Clauses 1 to 3 have similar structures and serve the same purpose. First, the powers in the clauses will allow the Secretary of State to set conditions as to when the relief will apply. This is not a wide-ranging power covering all properties. The power can be used only for telecommunication hereditaments. Through these powers we will target the relief on operators of telecoms networks who deploy new fibre on their networks. That will incentivise and reward those operators who invest in the fibre network.
My right hon. Friend is quite right. Developers who are not necessarily compelled to provide superfast broadband should think to themselves how the installation of superfast broadband could become a selling point for the property.
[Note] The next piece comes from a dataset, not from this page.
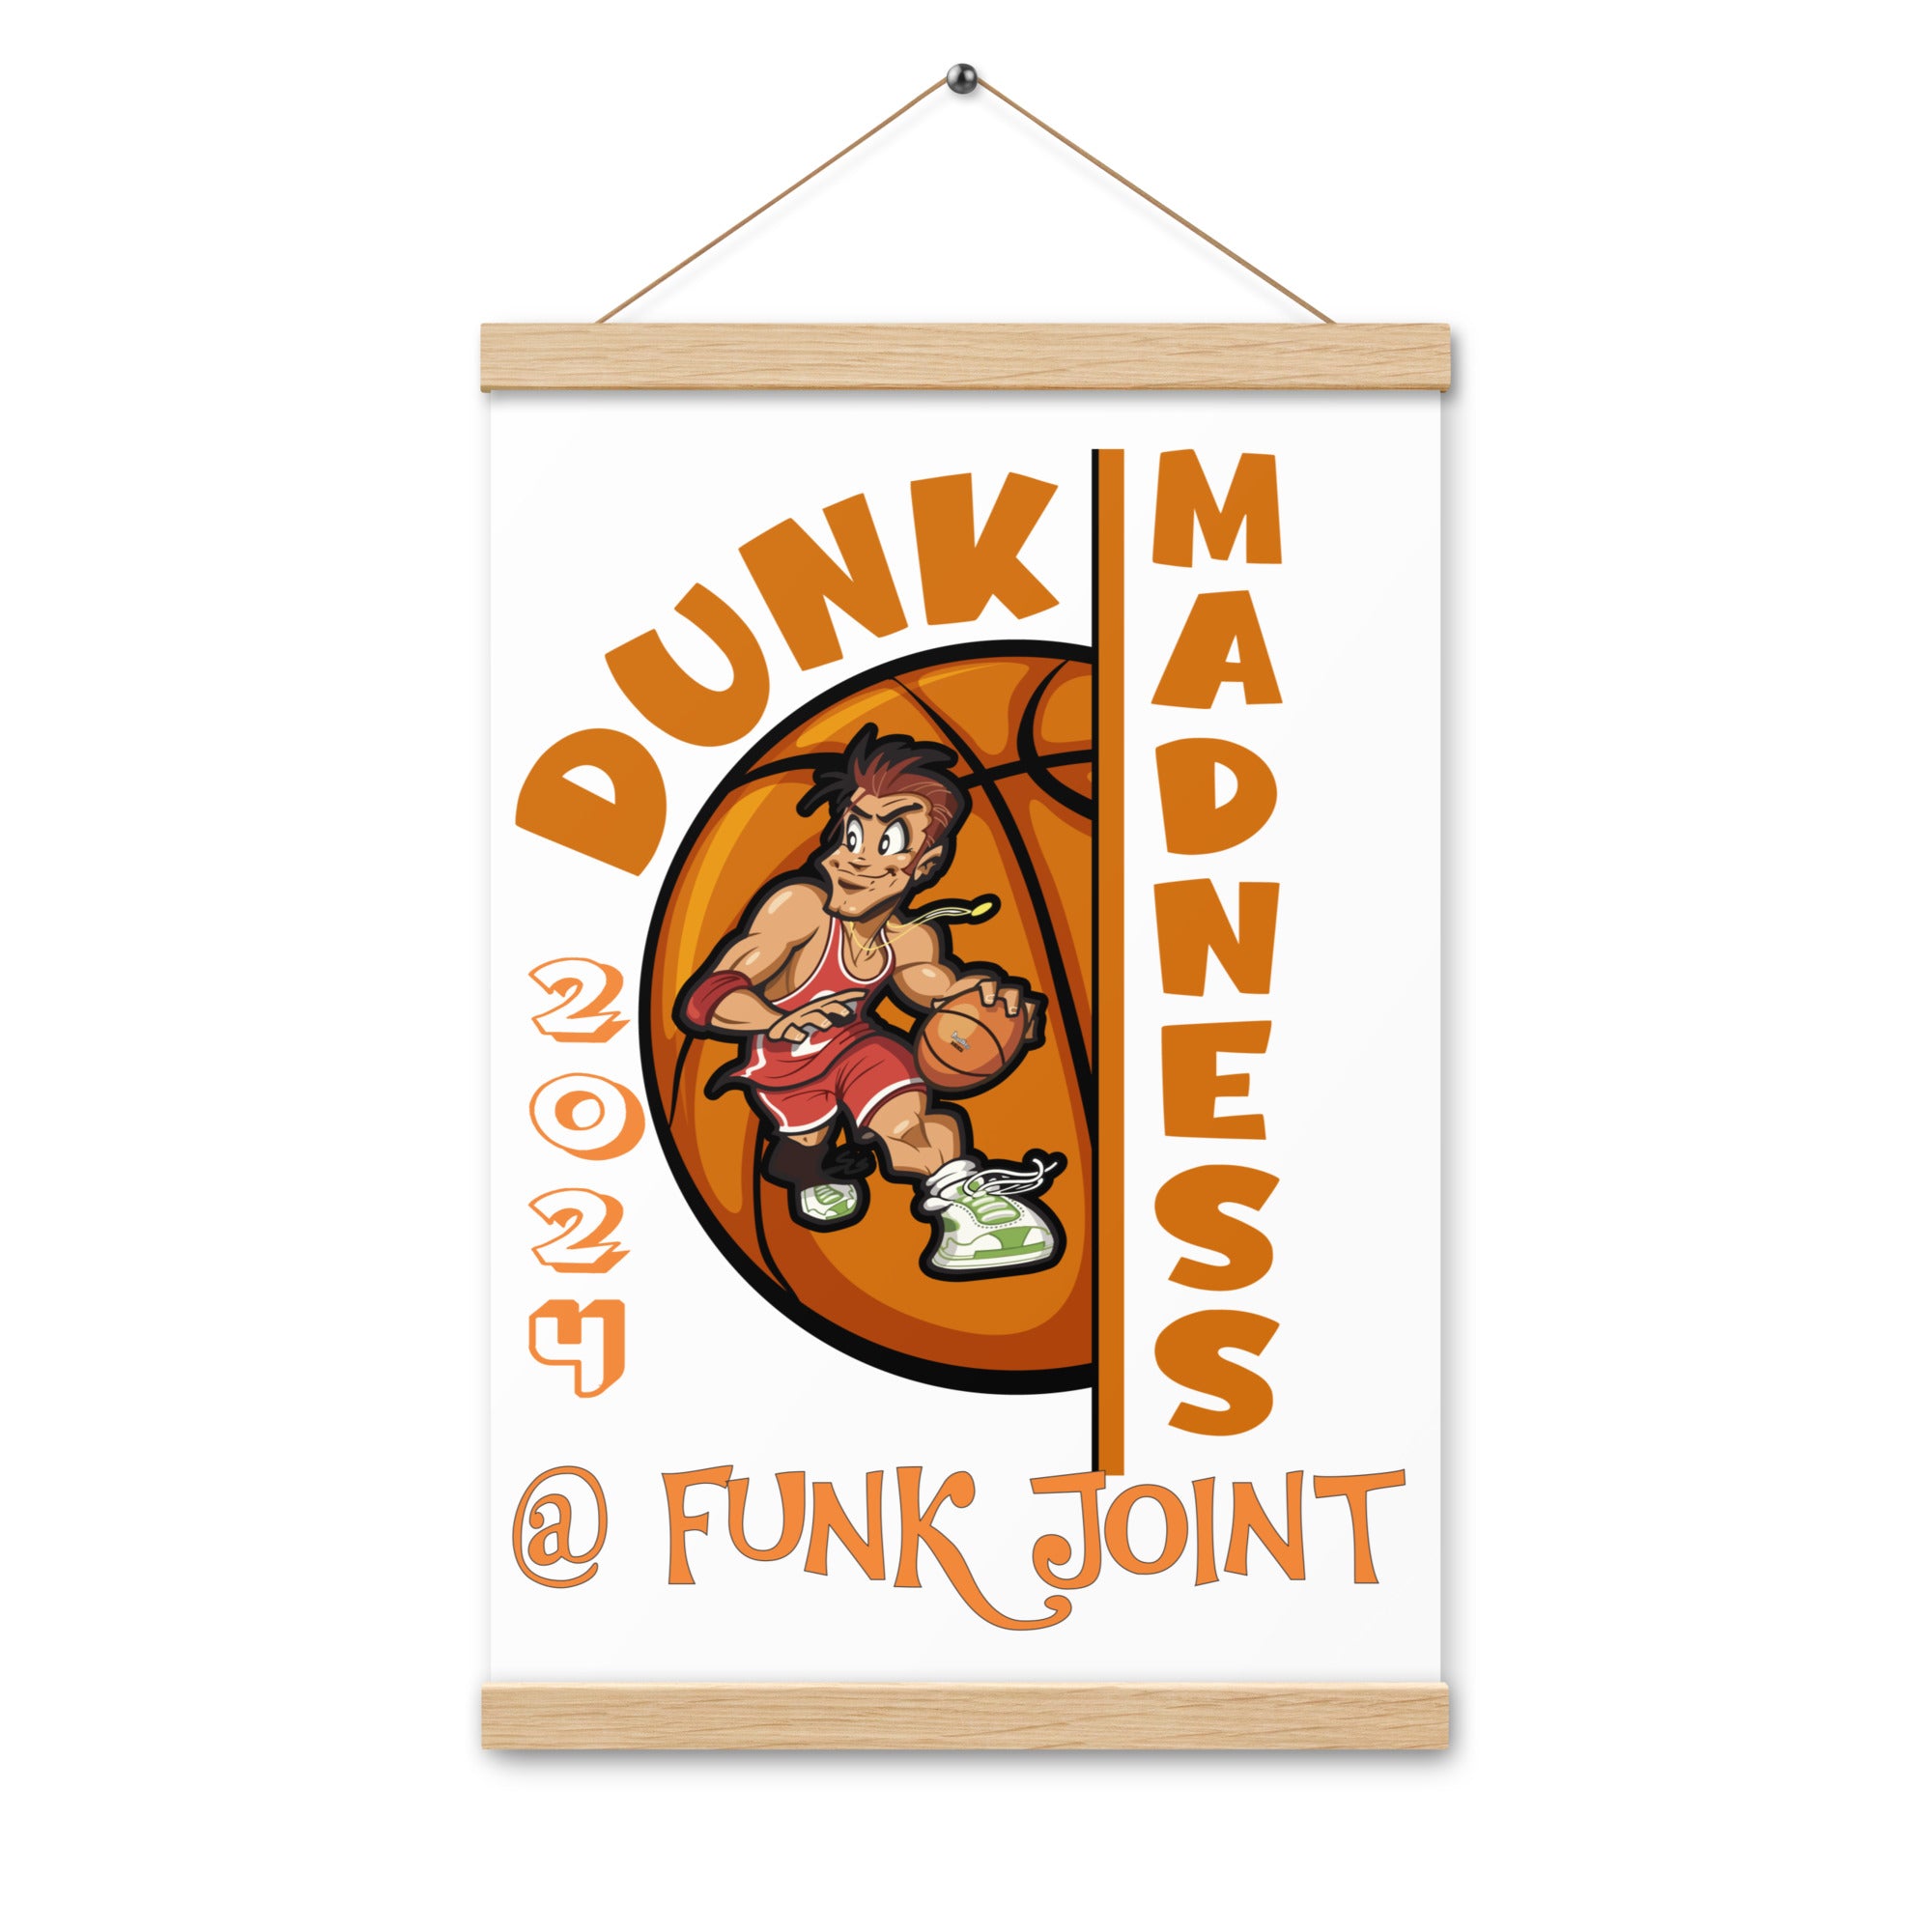 Dunk Madness Poster with hangers
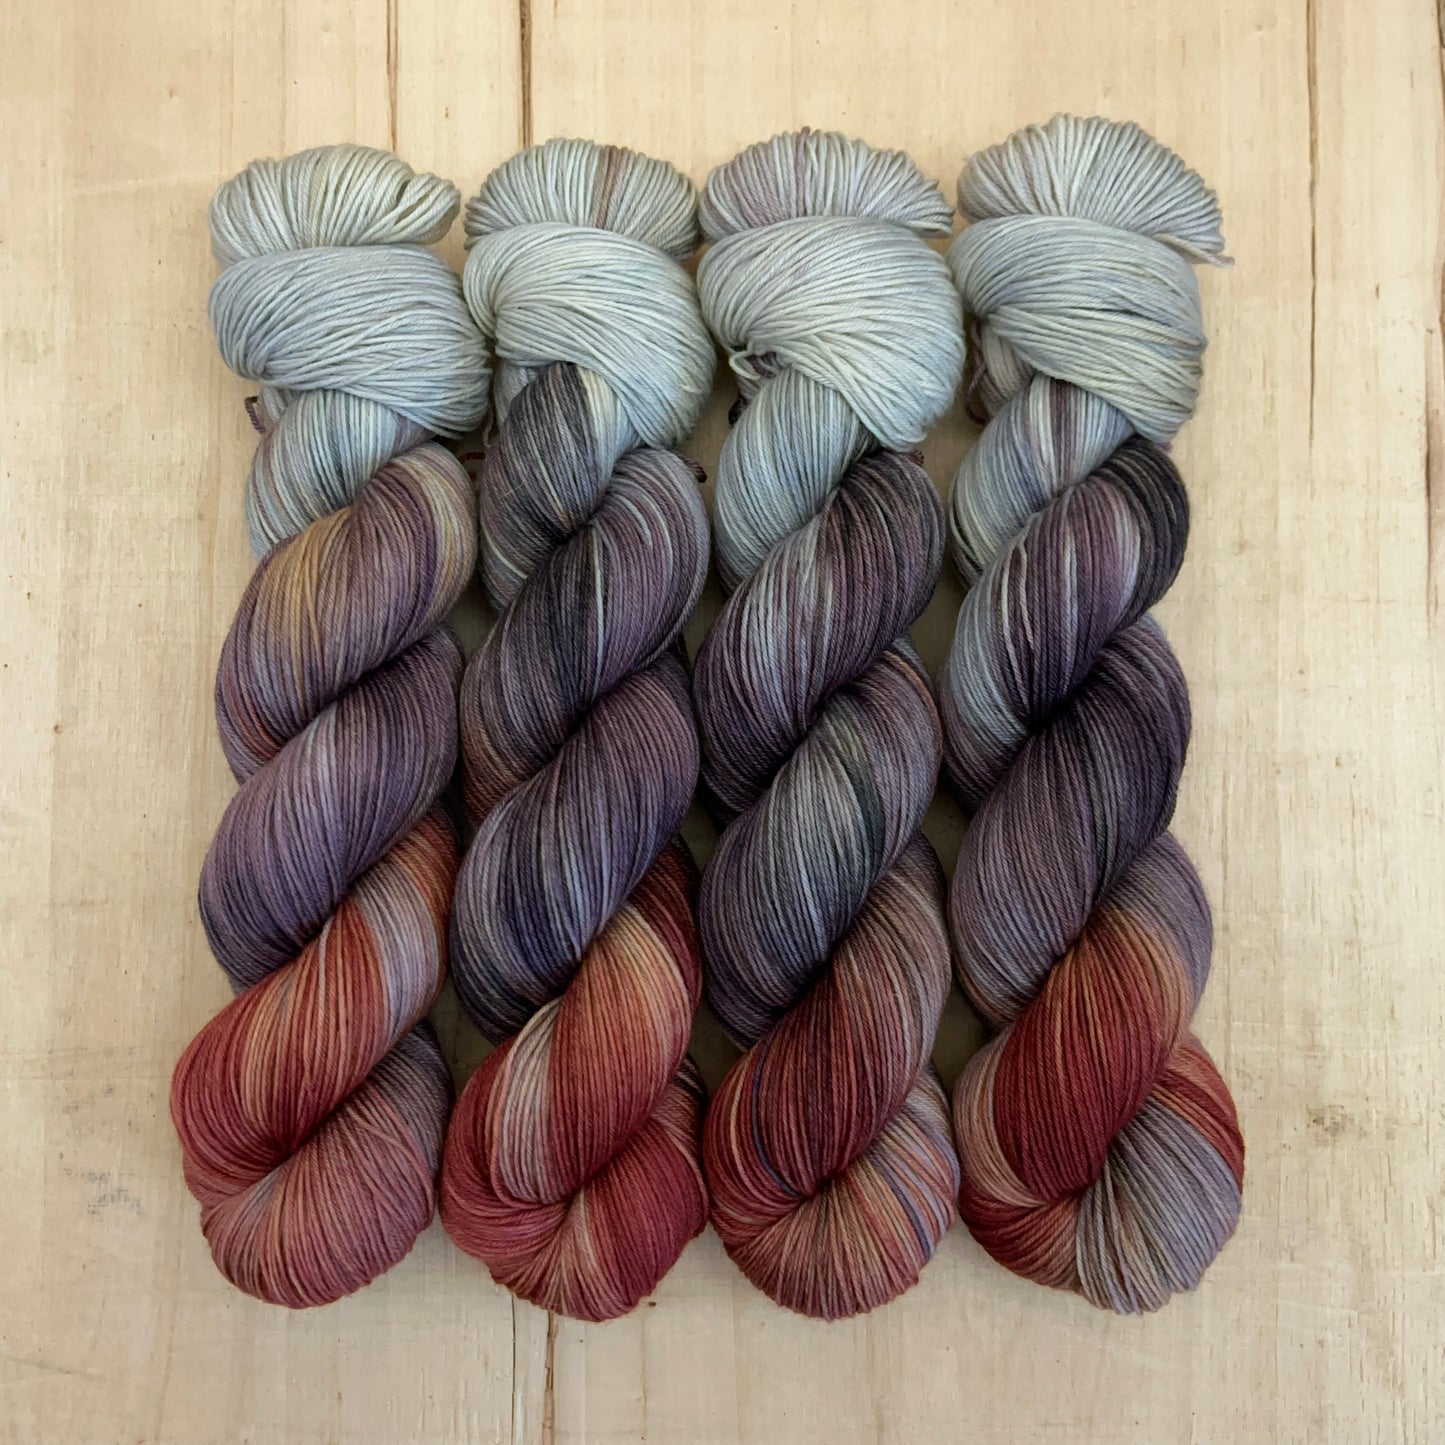 yarn from the meadow - january

The provision of superfast broadband is becoming more and more important, particularly as more and more people work from home.
I acknowledge that the Government made huge progress in changing the building regulations so that this becomes mandatory for developments of over 30 houses. However, does it not strike the Minister as peculiar, in this century, that building regulations require the provision of electricity, water and drainage to every house, no matter the size of the development, but not, now, this vital piece of infrastructure that is becoming mandatory for modern living?
Even in developments of under 30, developers are required to provide a broadband connection for the people who are going to be occupying those properties. It is the developments of over 30 that require fibre broadband to be connected. While my hon. Friend does not seem happy with the premise on which that is based, the rationale behind it is based on the viability of new developments. Quite often, the smaller developments are more difficult for developers to find viable. Therefore, rather than prevent those developments from taking place by overburdening developers with regulations, a balance was struck.